La información enviada a los vecinos no se limitó a justificar tal prohibición, sino que también incluyó una revisión de las denuncias registradas y las respuestas municipales, así como documentación de sanciones en base a las mediciones acústicas realizadas durante el concierto. En algunos casos, las mediciones confirmaron el incumplimiento de los límites autorizados y dieron lugar a procedimientos sancionadores, incluido uno iniciado por AC/DC Concerts, que culminó con la imposición de una multa de 80.800,80 euros después de que los niveles de ruido nocturno superaran los 10 decibeles.
Las cifras contrastan con las declaraciones del ayuntamiento, que ha argumentado en los últimos meses que “se cumplieron las normas más allá de determinadas circunstancias” en el estadio en medio de una creciente presión vecinal por los incidentes multitudinarios. Los comités vecinales llevan años denunciando las molestias que causan los conciertos y concursos, molestias que se han intensificado a medida que han ido creciendo los eventos musicales a gran escala.
El conflicto se ha intensificado en las últimas semanas con la celebración de diez conciertos de Bad Bunny, y los vecinos vincularon la serie de actuaciones con “cierres de calles, congestión del tráfico, ruido, suciedad y tensiones vecinales” y reavivaron las quejas ante varias agencias.

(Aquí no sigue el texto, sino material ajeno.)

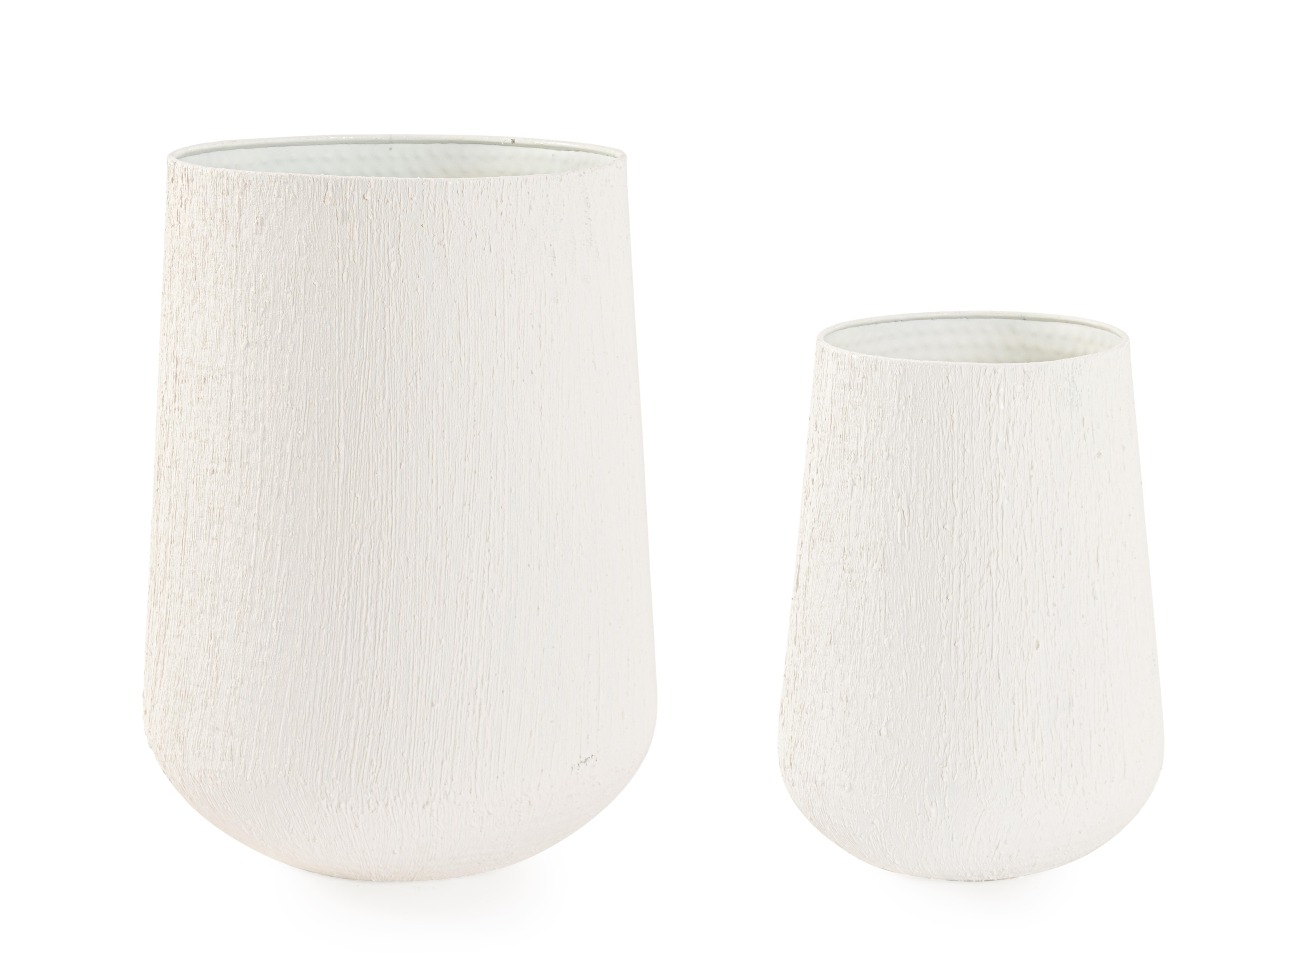 Die Outdoor Vase Kenar überzeugt mit ihrem modernen Design. Gefertigt wurde sie aus Metall, welches einen weißen Farbton besitzt. Die Vase besteht aus einem 2er Set in unterschiedlichen Größen.
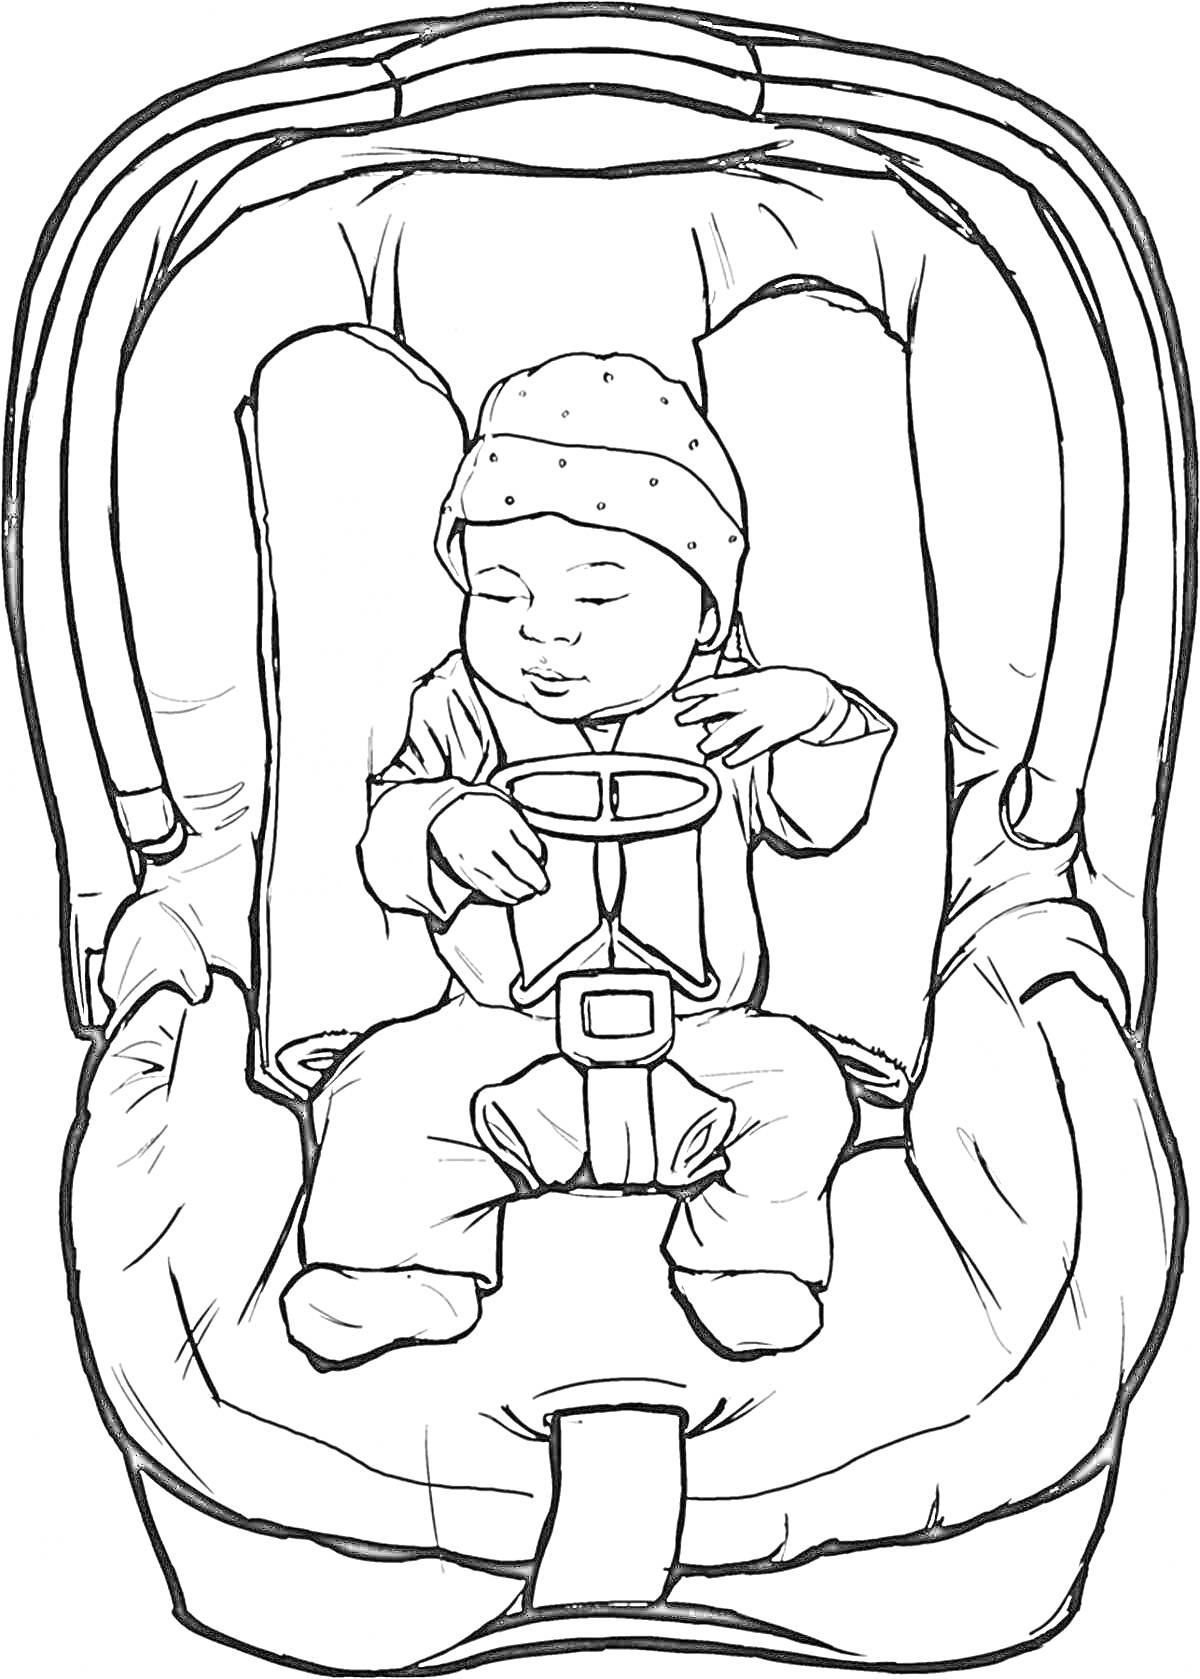 Раскраска Ребенок в автокресле, закутанный в комбинезон и шапочку, пристегнутый ремнями безопасности.

El grupo afirmó que los problemas no son específicos sino estructurales: los estadios con grandes aberturas laterales “son una fuente inagotable de ruido” y la falta de licencias permanentes para eventos no deportivos, lo que obliga a que cada evento tenga una licencia especial que apele al “interés general y cultural”.
En su artículo, Gabilondo también deja la puerta abierta a que se reabra la intervención si la investigación penal fracasa: si el incidente “no tiene relevancia penal” pero “podría constituir algún tipo de infracción administrativa”, el afectado puede volver a contactar con el Defensor del Pueblo.
Mientras tanto, la atención se centra en la Fiscalía, que, en un debate que cuestiona el modelo de conciertos masivos de la ciudad y su idoneidad para zonas residenciales, debe pronunciarse sobre denuncias que involucran no sólo ruido, sino también problemas recurrentes de movilidad, suciedad y saturación en entornos residenciales.
A finales de octubre, la asociación escribió una carta al Defensor del Pueblo solicitando su intervención. El 19 de marzo, su propietario Gabilondo accedió a tramitar la denuncia y solicitó información al Ayuntamiento de Madrid. La campaña representa otro paso en un conflicto que, según los vecinos, se ha arraigado después de años de quejas sin respuestas efectivas. En la carta, el grupo sostenía que el gobierno había ignorado repetidamente las quejas por ruido a pesar de la intervención policial y la elaboración de un informe técnico independiente que, según ellos, confirmaba que se superaban los niveles sonoros permitidos. También destacaron las características del estadio, heredadas del antiguo Pennetta Stadium, con grandes aberturas transversales que actúan como amplificadores de sonido los días de evento.
Por ello, de conformidad con los artículos 43 y 45 de la Constitución -derecho a la salud y derecho a un medio ambiente adecuado- la asociación exige medidas que van desde la reducción del aforo hasta el cierre preventivo del estadio si no se corrigen los defectos. También propusieron soluciones concretas: restringir el tráfico de los residentes el día del evento, mejorar el transporte público, instalar medidores fijos de ruido y contaminación y mejorar el acceso por carretera. Las quejas por la actual prohibición de grandes conciertos en el Santiago Bernabéu han llegado al Estadio Metropolitano.